I also shared my other book with the parents who attended and I hope it will inspire them to do similar things for their children.

Then I got onto the subject of blogging! I suppose had I known about blogging, or had it been around back then, Tom's diary would have been online. How times change. I talked about the sense of community I had found as a result of being a blogger and that the world is there at your fingertips. When you have a disabled child, time is precious and isolation is a real issue and so being able to connect with people who have similar interests or experiences is sometimes difficult. In the early days of my life without Tom, the Internet became my friend: always there and something I didn't have to make an effort for, other than to switch my PC on.

It's all about sharing for me. I shared Tom's life with people through his diary and I am sharing my life and others through blogging. That is what does it for me. Sharing.

Yesterday, my day was rounded off perfectly by sharing a welcome latte with a friend I have made through my blog - Julia. Julia and I have been reading each others blogs for quite a while now and we finally met in person. A last-minute arrangement, hastily made by email on Friday evening! We talked of blogging and how I had covered it during the workshop, and also of all the pros and cons we have both experienced from our own blogs. We talked of sharing. I have a feeling we could have talked for hours.

It was so lovely to meet you Julia, and no, I didn't mind driving an extra 5 miles! I drove back to London with a smile on my face having had a Good Day.

I just noticed that this is my 200th post, and probably my first post without a single photo. Quite a milestone!

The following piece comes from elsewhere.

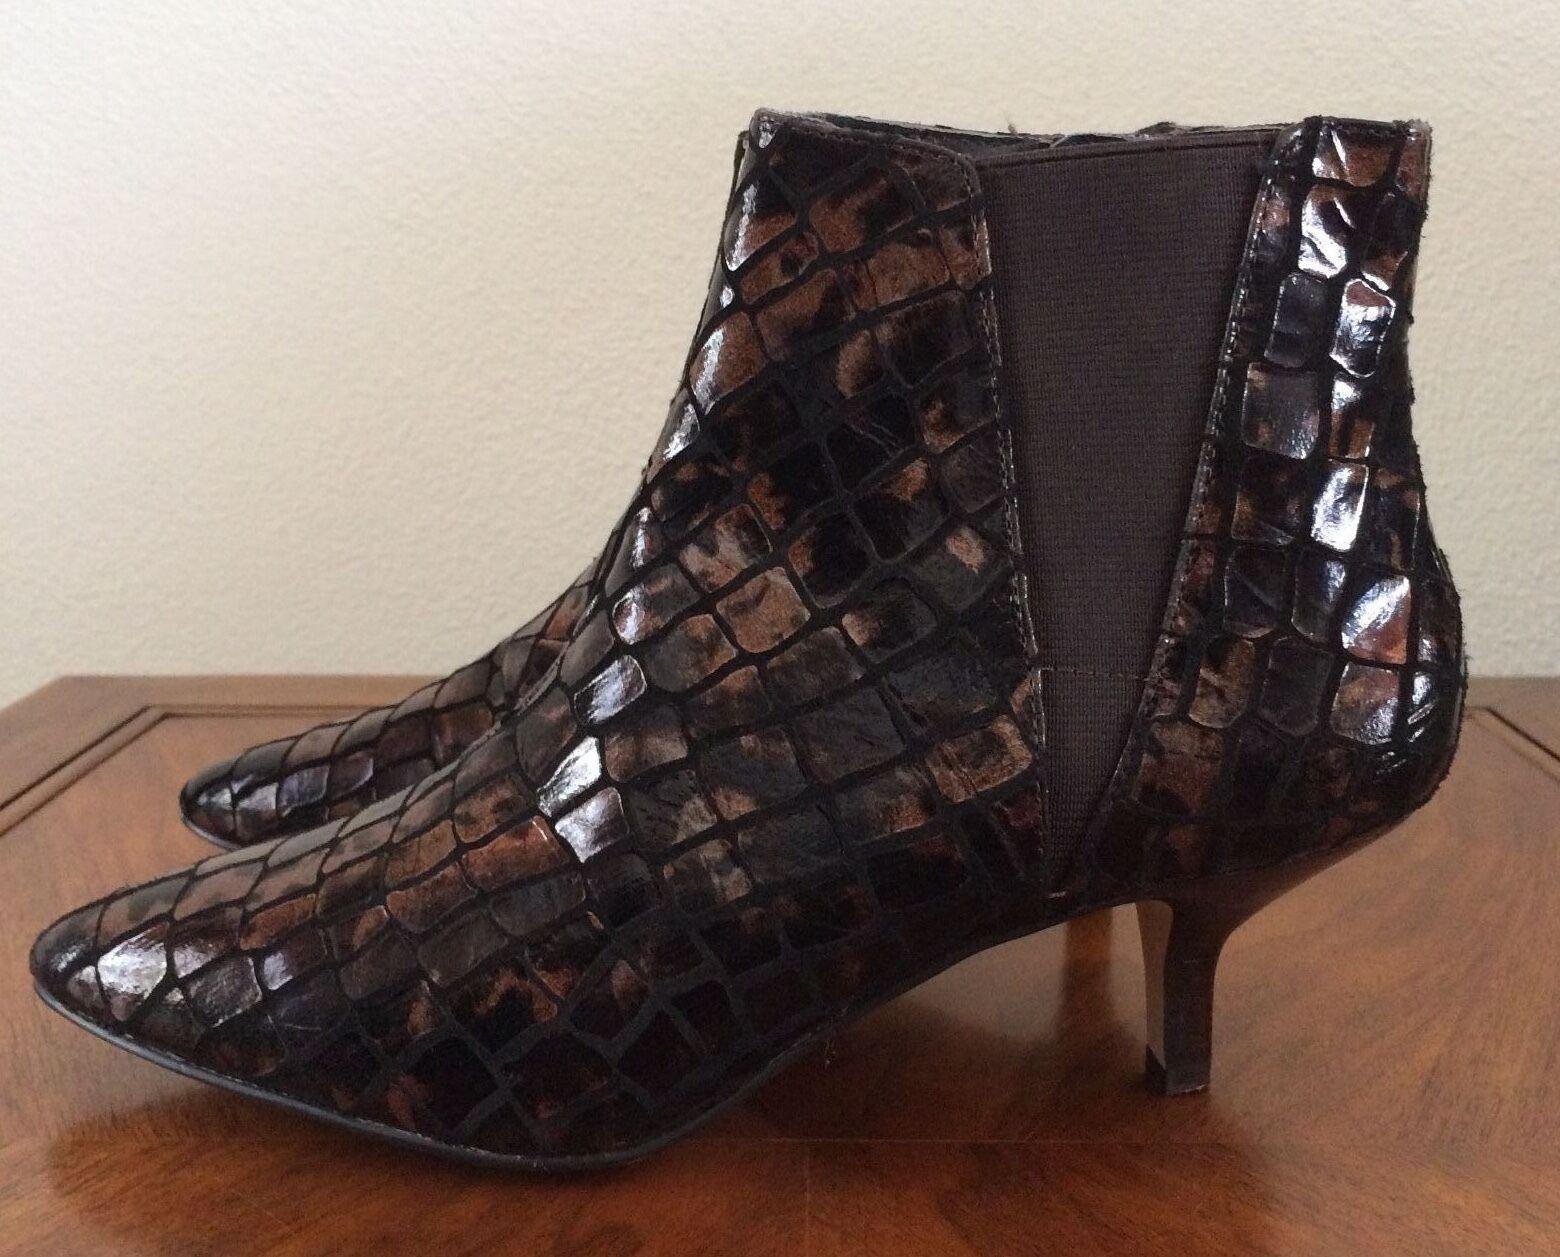 Donald J Pliner Geeo Embossed Metallic Leather Boots Booties Womens Size 6.5

ps. have a look at the Christmas cards on the Helen House site, I thought they were really nice and bought all mine from there this year... Or why not have a look at these...


  1. I'm often at a loss to explain adequately why I blog, and why I enjoy it so much. But sharing and friendships are certainly at the heart of it.

    Another good book creating site is Bob Books. I think that would be a great thing to do with Tom's diary.

    N. xx

  2. I so admire the work you're doing with Helen House. I think it's such a good thing...for you and for all the families you are and will be helping. And I think publishing Tom's diary as a book is such a wonderful idea.

    K x

  3. I have no doubt at all that you'll be helping the parents you meet - and hope it helps you in return.

    Your idea of publishing Tom's diary is wonderful. I'm sure it will be a hugely comforting to other families facing what you've already gone through.

  4. When you mention Tom I want to comment but don't really know what to say. I bet you have touched and helped so many people by openly talking about your feelings and Tom would be extremely proud of his Mum. x

  5. It is wonderful to think that you have been sharing stories in your blog for over 2 years and in that time you have made so many friends. I am know that the special people that you meet at the Hospice will value your experience and be really grateful to you for having the courage to share it. I so admire the work that you are doing.

  6. I can only imagine how much your experiences must help others in a similar situation but I'm sure they do help others at Helen House enormously. I think publishing Tom's diary would be a wonderful thing to do.

  7. The reasons to blog are so many, but always that sense of community and shared experience is a primary reason to continue. I also love that blogs are a summary of true human experience - sometimes filled with worry or anxiety, sometimes exciting, but often just a documentation of day to day life. Although each of our experiences are unique there is a common theme of family and love.

    I am certain that your diary of Tom's life was filled with family and love. It will make a book well worthy of reading.